Как сейчас помню очень милую тетю с открытой доброй улыбкой - тетю Тоню. Их семья занимала в четырехкомнатной квартире напротив нашей всего одну комнату. Антонина жила там с мужем-плотником и двумя взрослыми красивыми дочерьми. Золотые Тонины руки могли сшить все, что угодно, хотя она и не была профессиональной портнихой. Мне она перешивала из старых маминых платьев просто «шедевральные» детские наряды. Да и мама заказывала ей для себя летние сарафаны, ситцевые халатики, сатиновые юбки. Конечно, не бесплатно. Но зато как удобно – пересечь лестничную площадку и сразу оказаться на примерке.
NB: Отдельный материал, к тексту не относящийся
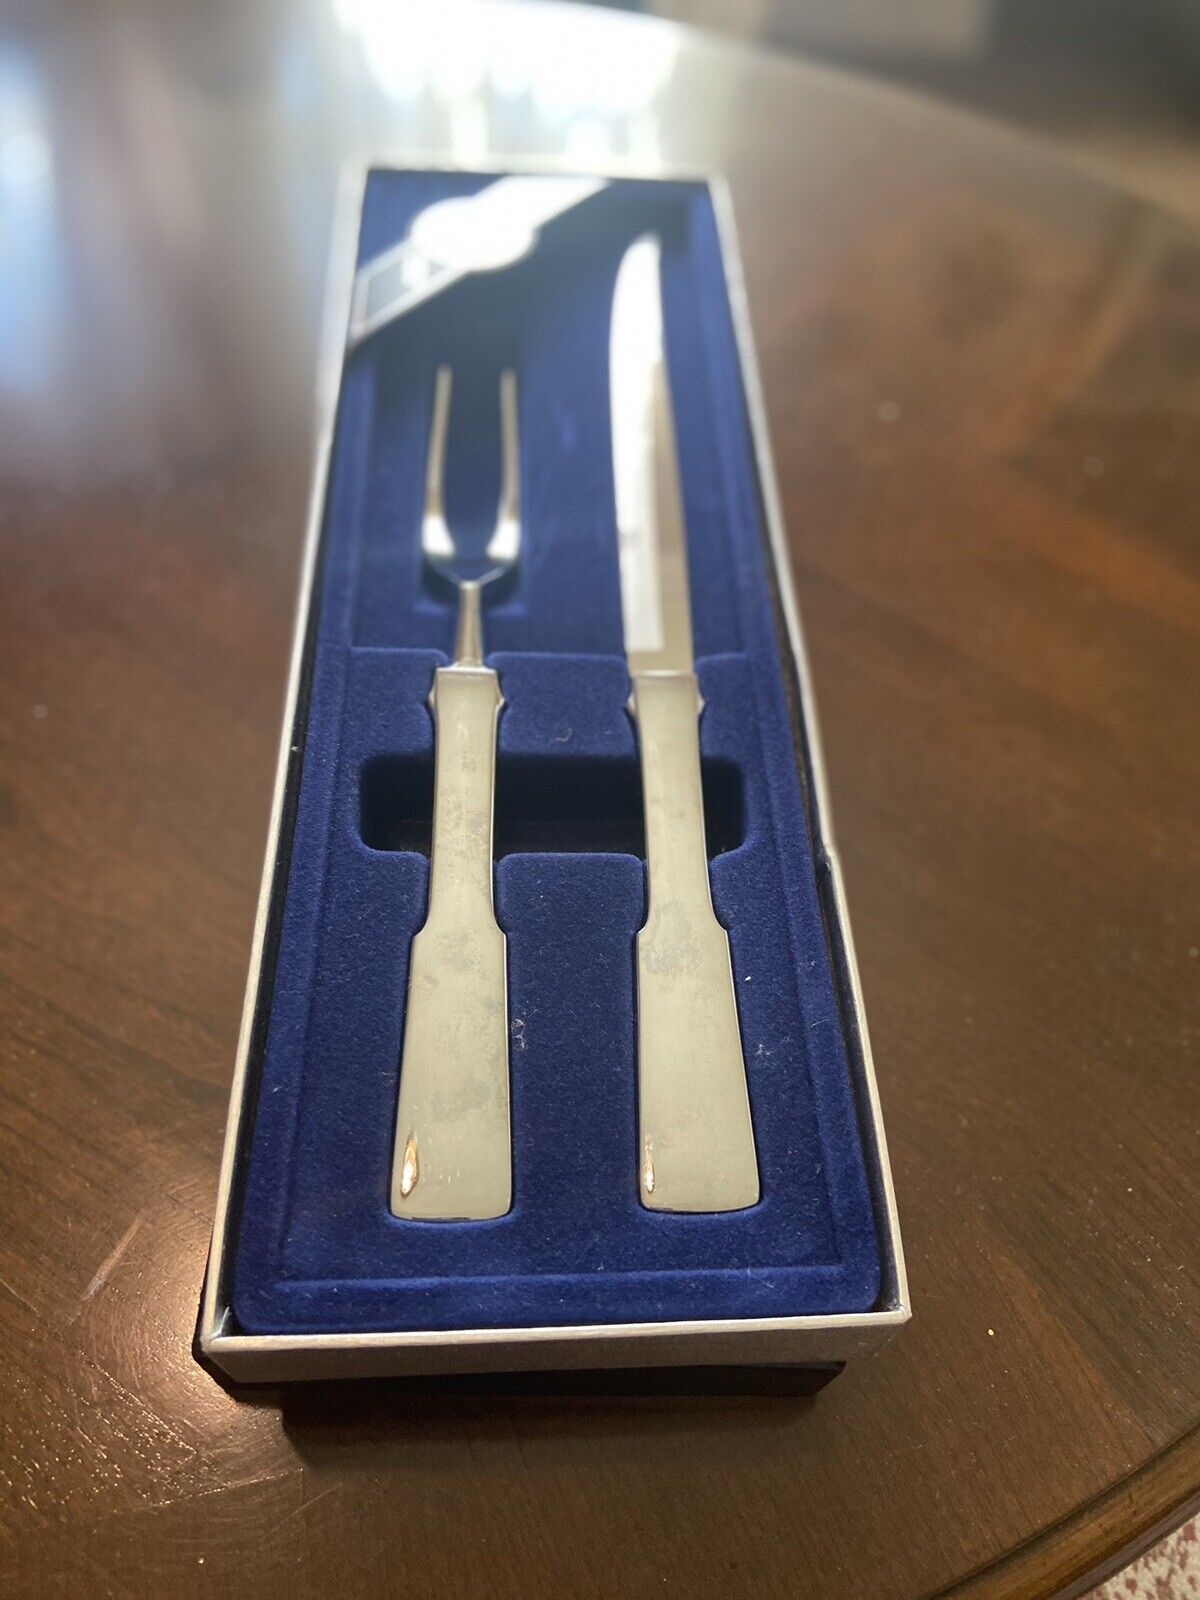 TOWLE BYFIELD CARVING KNIFE & FORK SET w/ Box Stainless Steel Vintage $0 S/H
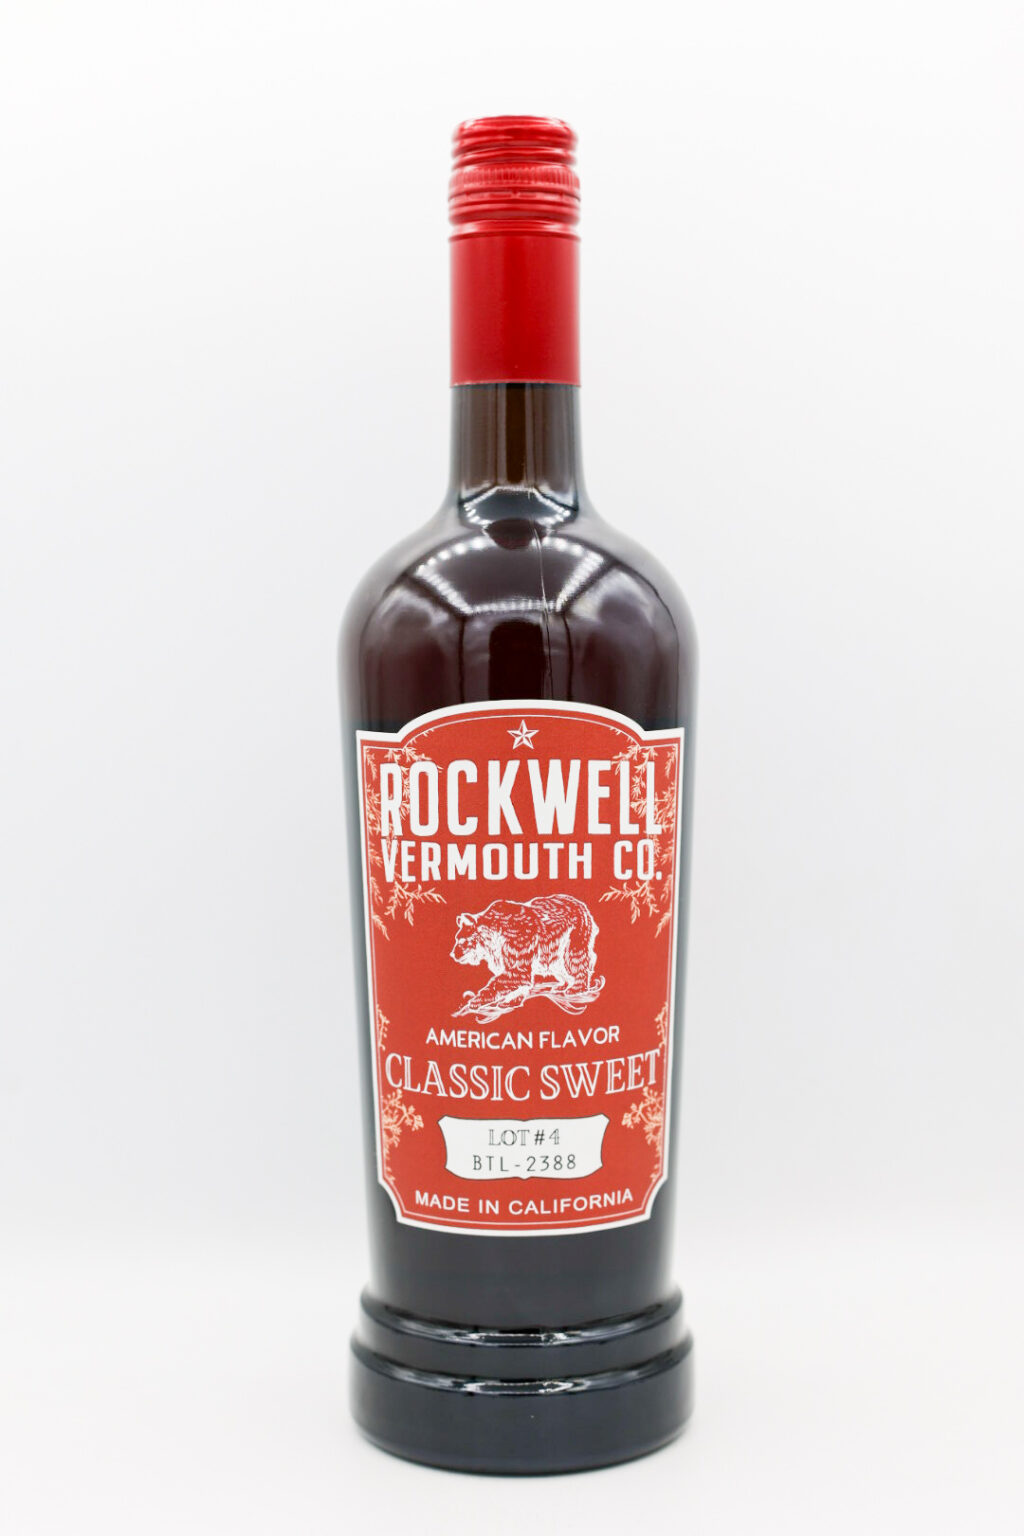 Rockwell Vermouth Co. Classic Sweet Vermouth Lot No. 1 750ml

Другая семья из этой квартиры точно в таких же двух комнатах, как у нас, состояла всего из двух человек. Жену звали Анна Адамовна, а как мужа – не помню. Среди жильцов дома он имел репутацию мастера на все руки: если требовалось что-то починить, подпилить, подстрогать – обращались к нему. У нас даже завелся предновогодний ритуал. Мама покупала на Матвеевском рынке огромную, до потолка, елку, какой-нибудь мужичок с базара приносил ее домой, и сразу шли за соседом. Каждый год он делал нам крестовину и надежно укреплял в ней елку. А после праздников, когда елка уже стояла разобранная, приходил с пилой. Дерево аккуратно распиливалось на небольшие фрагменты, которые можно было засунуть в печь. Как же весело и сказочно трещал огонь в печи, когда там горели ветки с сухими осыпающимися иголками!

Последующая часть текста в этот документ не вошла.